Recently, the International Working Group-Myeloproliferative Neoplasms Research Treatment (IWG-MRT) and European LeukemiaNet (IWG-MRT-ELN) revised their response criteria for MF patients [39].
The 2013 revision included a strict definition of RBC transfusion dependency and introduced the MPN-SAF TSS [40] as a quantifiable method for scoring disease-related symptoms. MPN-SAF TSS [40] is calculated as the mean score for 10 items (fatigue, concentration, early satiety, inactivity, night sweats, itching, bone pain, abdominal discomfort, weight loss, and fever) adapted from the Brief Fatigue Inventory [41] and MPN-SAF self-assessment [42]. Each item is scored on a 0 (absent/as good as it can be) to 10 (worst imaginable/as bad as it can be) scale, and MPN-SAF TSS is computed as the average of the observed items multiplied by 10 to achieve a 0-to-100 total scale [40]. Since several clinical trials demonstrated that anemia [43] and spleen [31,44] responses are well correlated with patients’ quality of life, they suggested anemia and spleen responses be included in the additional composite response category along with the assessment of MPN-SAF TSS [39]. Moreover, they recommended new response criteria to assess cytogenetic and molecular remissions with treatment [39].
Response criteria in this guideline are derived from the 2013 IWG-MRT-ELN response assessment with minimal modifications (Table 3) [45]. The 2013 IWG-MRT-ELN guidelines recommended molecular monitoring for MF patients [39] every 6 months. On the other hand, the Nordic MPN group did not recommend routine BM examination or routine monitoring of molecular responses during treatment of MF patients without a stem cell transplant setting [46]. The role of reduction of the JAK2 V617F allele burden in clinical findings or treatment outcomes of MF patients remains to be elucidated [36,47,48]. However, a recent clinical trial demonstrated that JAK2 V617F allele burden is a predictive factor of treatment outcome and risk of relapse in stem cell transplanted patients with MPNs [49]. Hence, routine molecular monitoring in PMF patients can be reserved for experimental or stem cell transplant settings.

Traditional treatment approaches

Stem cell transplantation

Allogeneic stem cell transplantation (allo-SCT) is the only curative treatment in PMF. However, transplant-related mortality and severe morbidity occur in half of patients.

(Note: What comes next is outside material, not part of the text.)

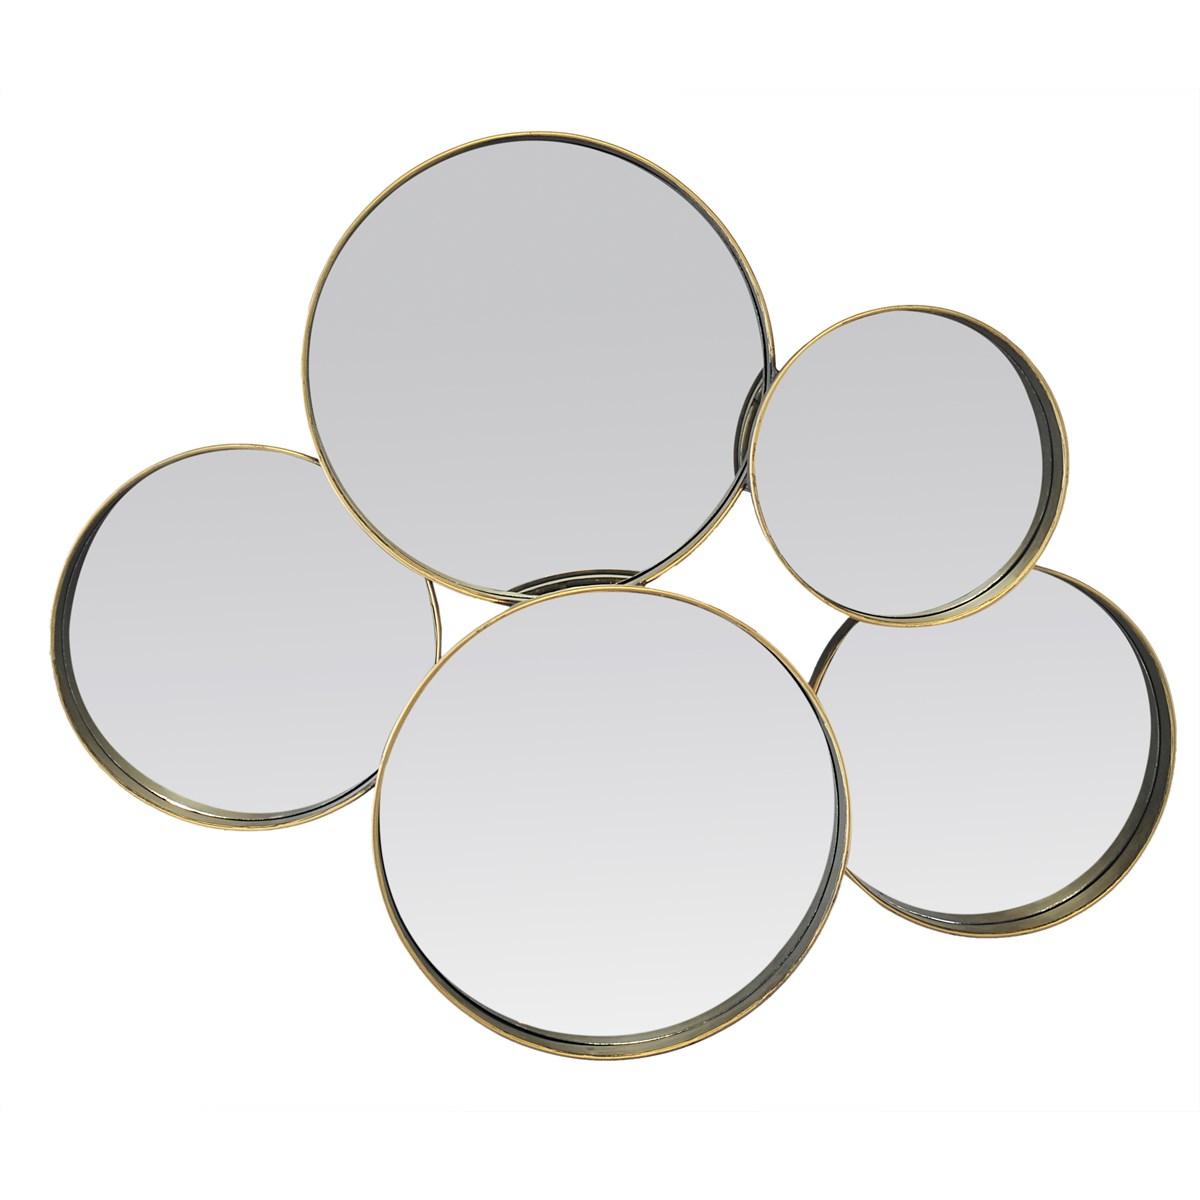 Miroir multi rond en métal noir 6x60x11
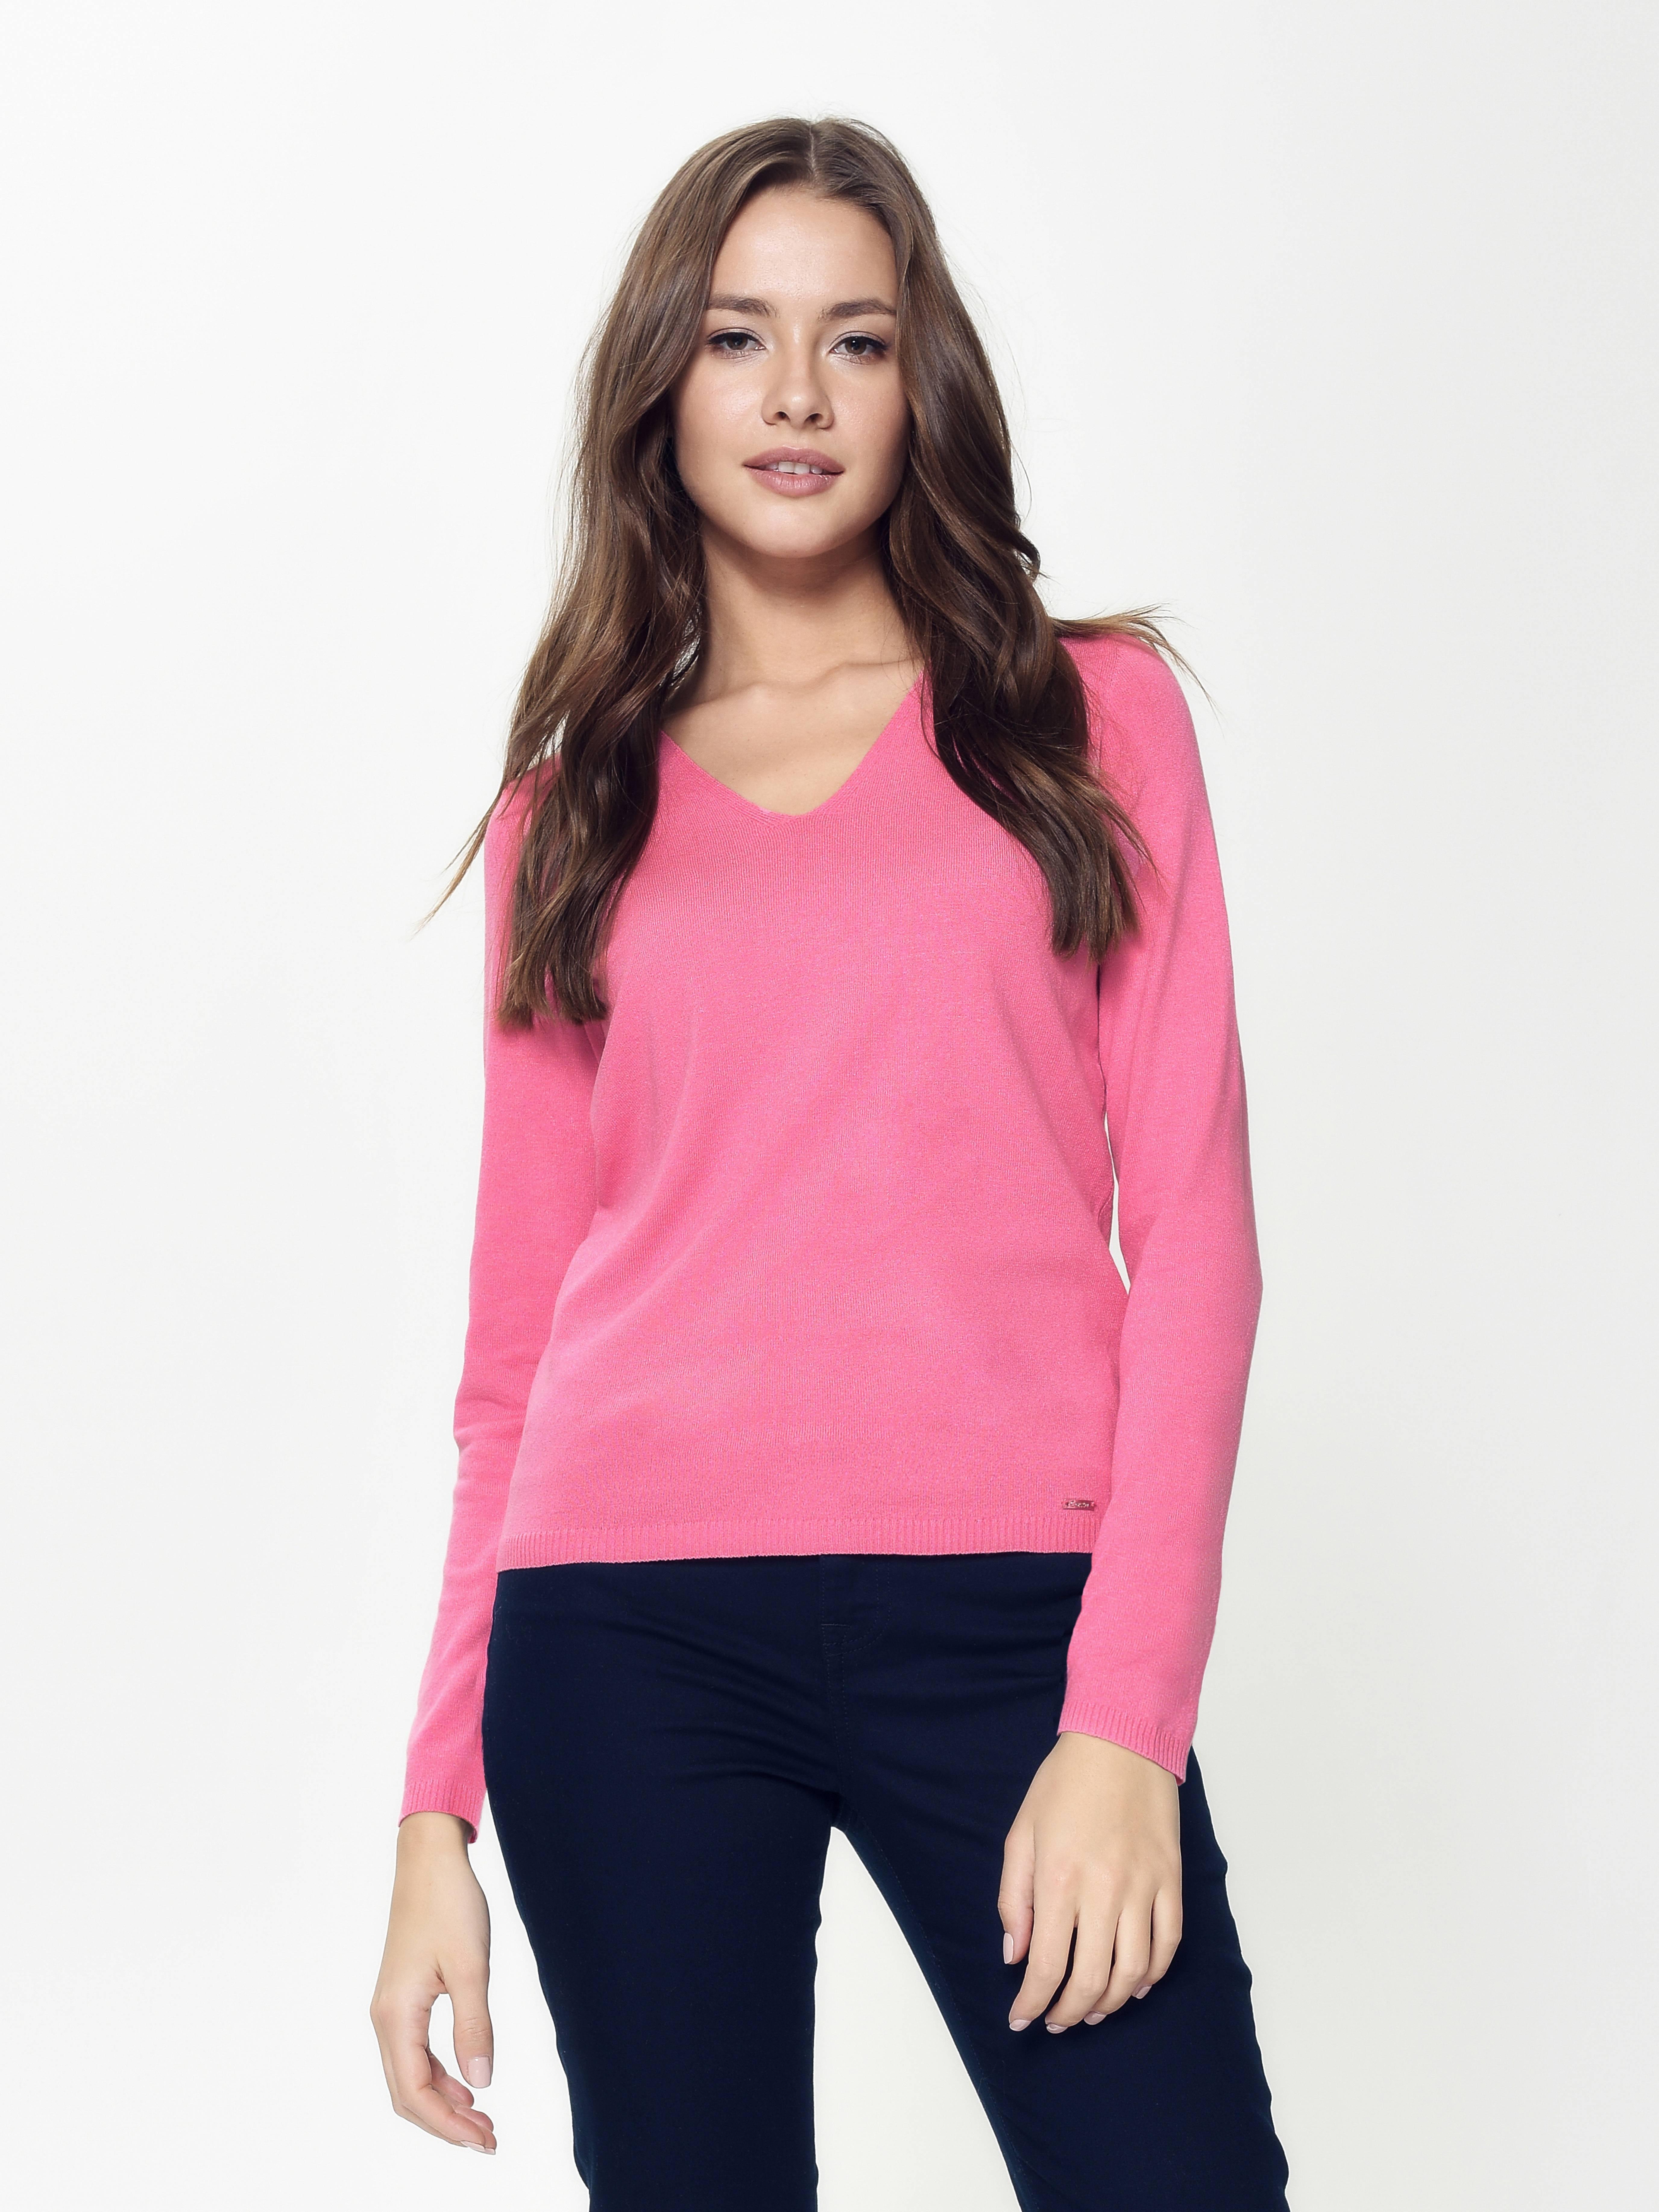 Джемпер женский ⭐️ Пуловер из пряжи с вискозой премиального качества LDK044 ⭐️

In a large study of allo-SCT in PMF, 5-year disease-free survival and treatment-related mortality were 33% and 35% for matched related and 27% and 50% for unrelated transplants, respectively [50]. Due to its significant toxicity, allo-SCT should be considered in patients with an expected survival of less than 5 years. Therefore, allo-SCT is recommended in patients assessed as intermediate-2 and high risk at diagnosis, and during follow-up of younger low and intermediate-1 patients who progress to a higher risk by DIPSS or DIPSS plus evaluation [2,51-54]. In terms of a conditioning regimen, patients over 40 or 45 years have exhibited very poor survival after myeloablative conditioning, but reduced-intensity conditioning has improved results in those patients [55]. Therefore, reduced-intensity transplantation should be considered for patients aged 40 or over.
Autologous stem cell transplantation (auto-SCT) demonstrated only a modest benefit and little therapeutic efficacy in a previous study; hence, auto-SCT is not recommended in PMF patients [56].

Treatment of anemia

Erythropoiesis-stimulating agents (ESAs) can benefit PMF patients. ESAs have been shown to effectively increase hemoglobin levels in 20% to 60% of PMF patients. A plasma erythropoietin level below 125 U/L has been associated with a higher probability of response [57]. Corticosteroids such as prednisone may be temporarily effective for treatment of symptoms [54,58]. Androgenic steroids such as danazol may stimulate BM function and have been shown to improve hemoglobin concentration in 40% of patients [59]. Thalidomide [60] or lenalidomide [61] in combination with low-dose prednisone can increase hemoglobin levels and decrease spleen size. However, drug adverse effects—including hepatotoxicity and virilizing effects for androgens, peripheral neuropathy for thalidomide, and myelosuppression for lenalidomide—should be monitored [54,62].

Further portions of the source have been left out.